ASSIGNMENT
Output exactly, and only, the lines below from the one with "México es el" down to the one with "dec1 - Bliv en bedre leder gennem uddannelse". Include both end lines and no pictures.

EXCERPTED DATA
------
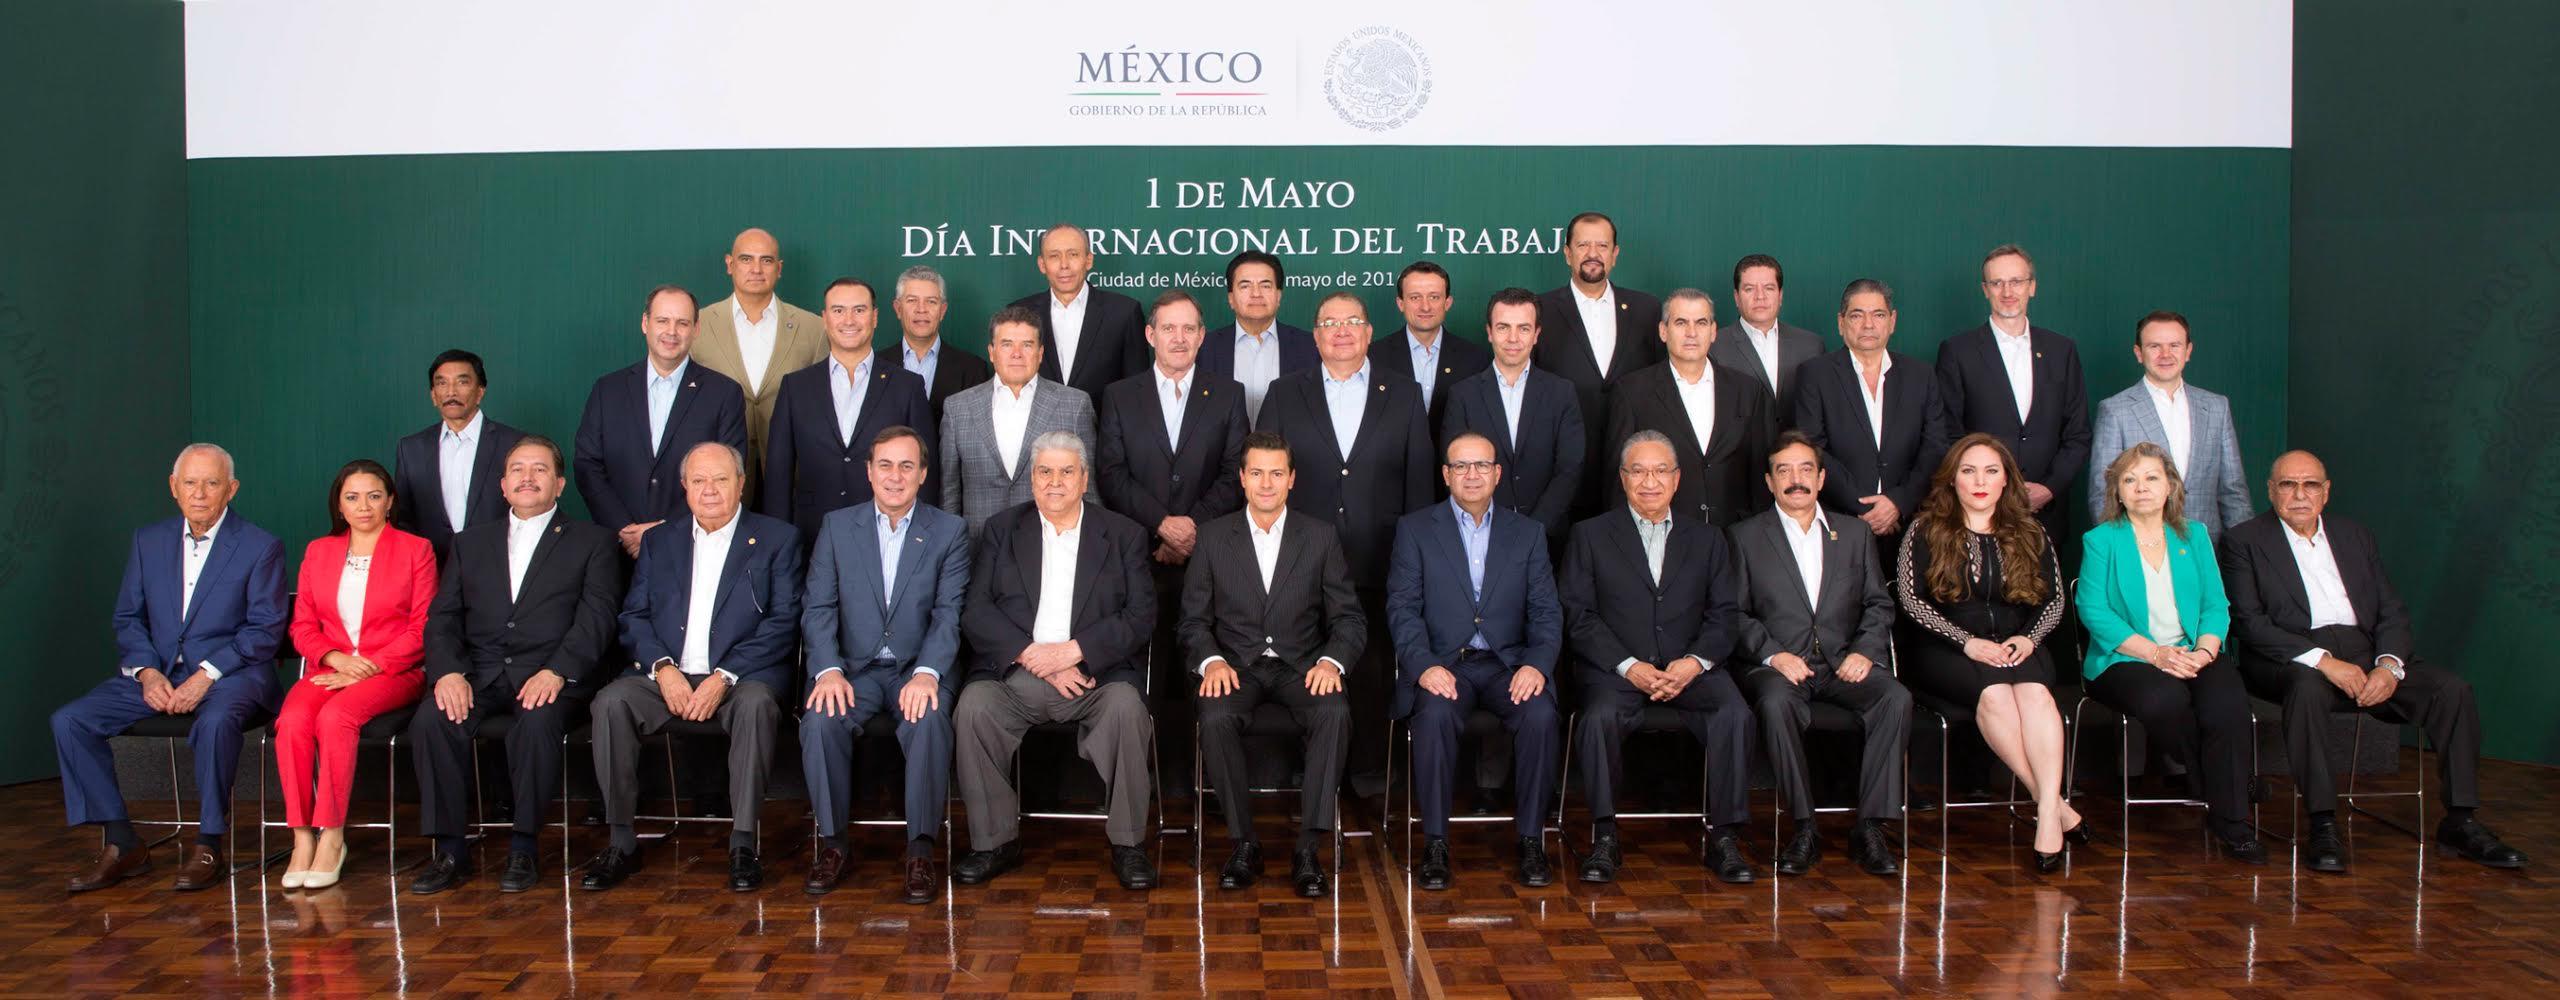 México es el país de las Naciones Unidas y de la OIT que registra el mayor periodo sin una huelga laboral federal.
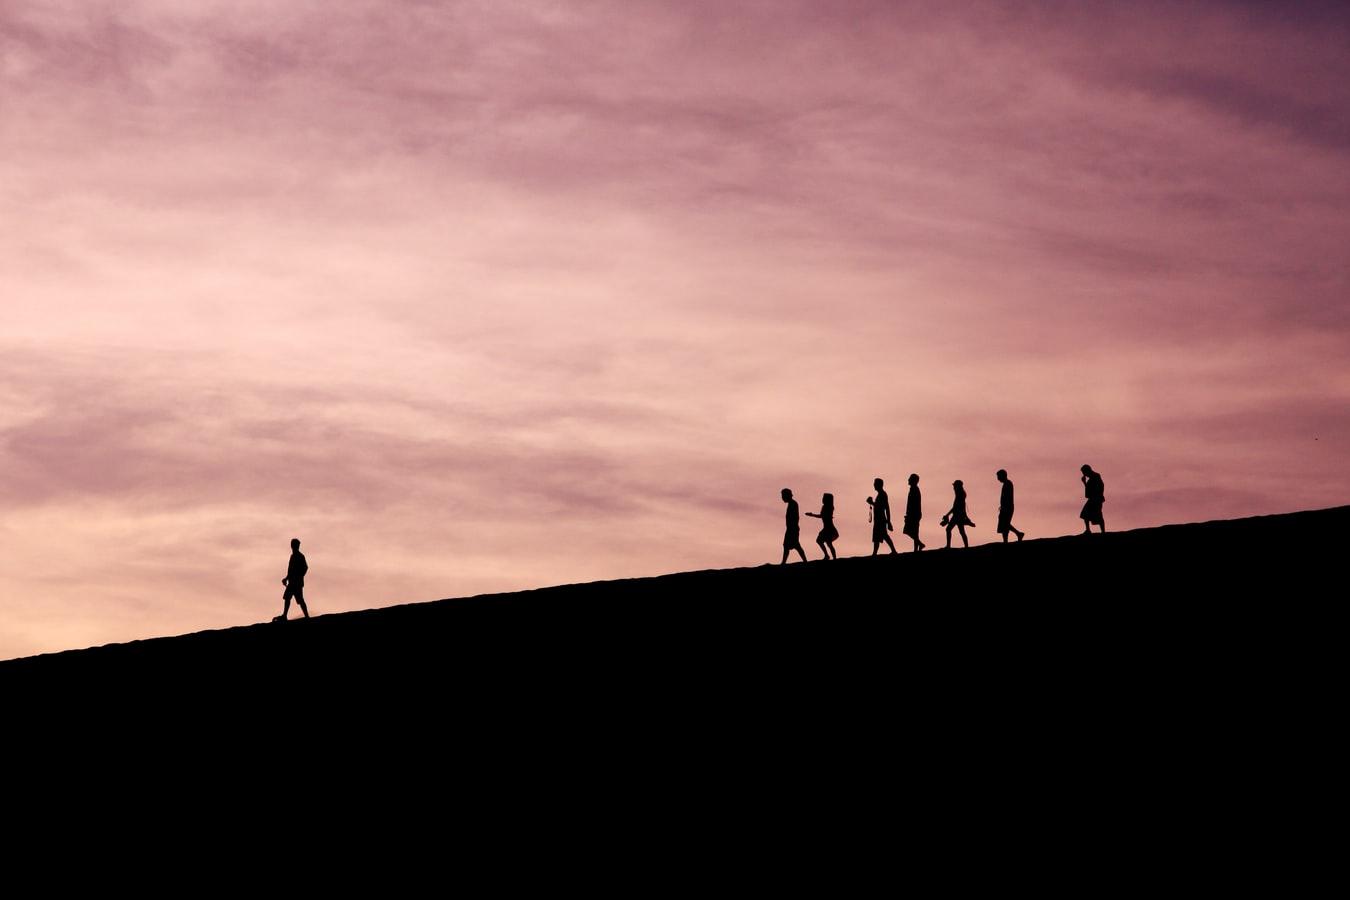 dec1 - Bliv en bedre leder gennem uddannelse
------
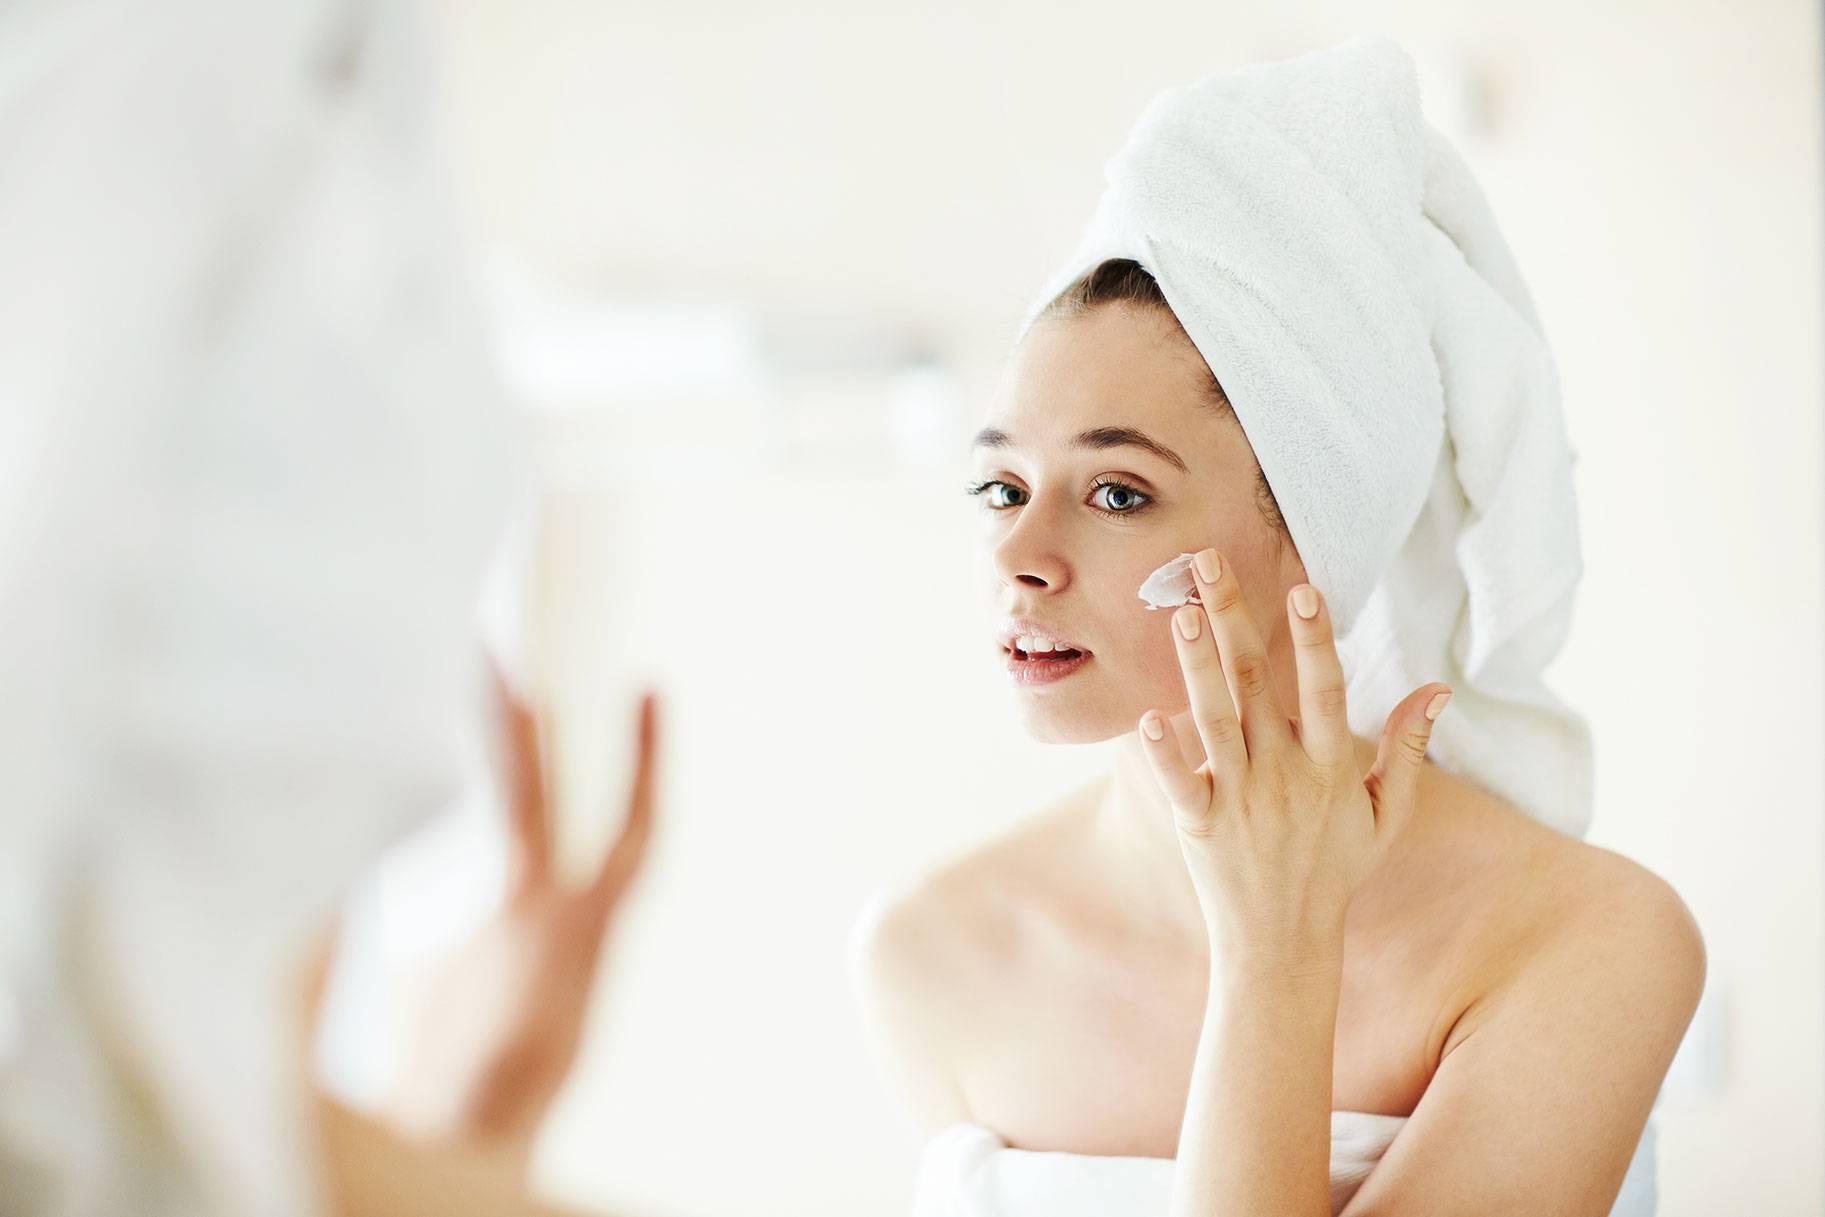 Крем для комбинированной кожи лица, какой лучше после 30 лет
------
YOUR RESPONSE
 México es el país de las Naciones Unidas y de la OIT que registra el mayor periodo sin una huelga laboral federal.
 dec1 - Bliv en bedre leder gennem uddannelse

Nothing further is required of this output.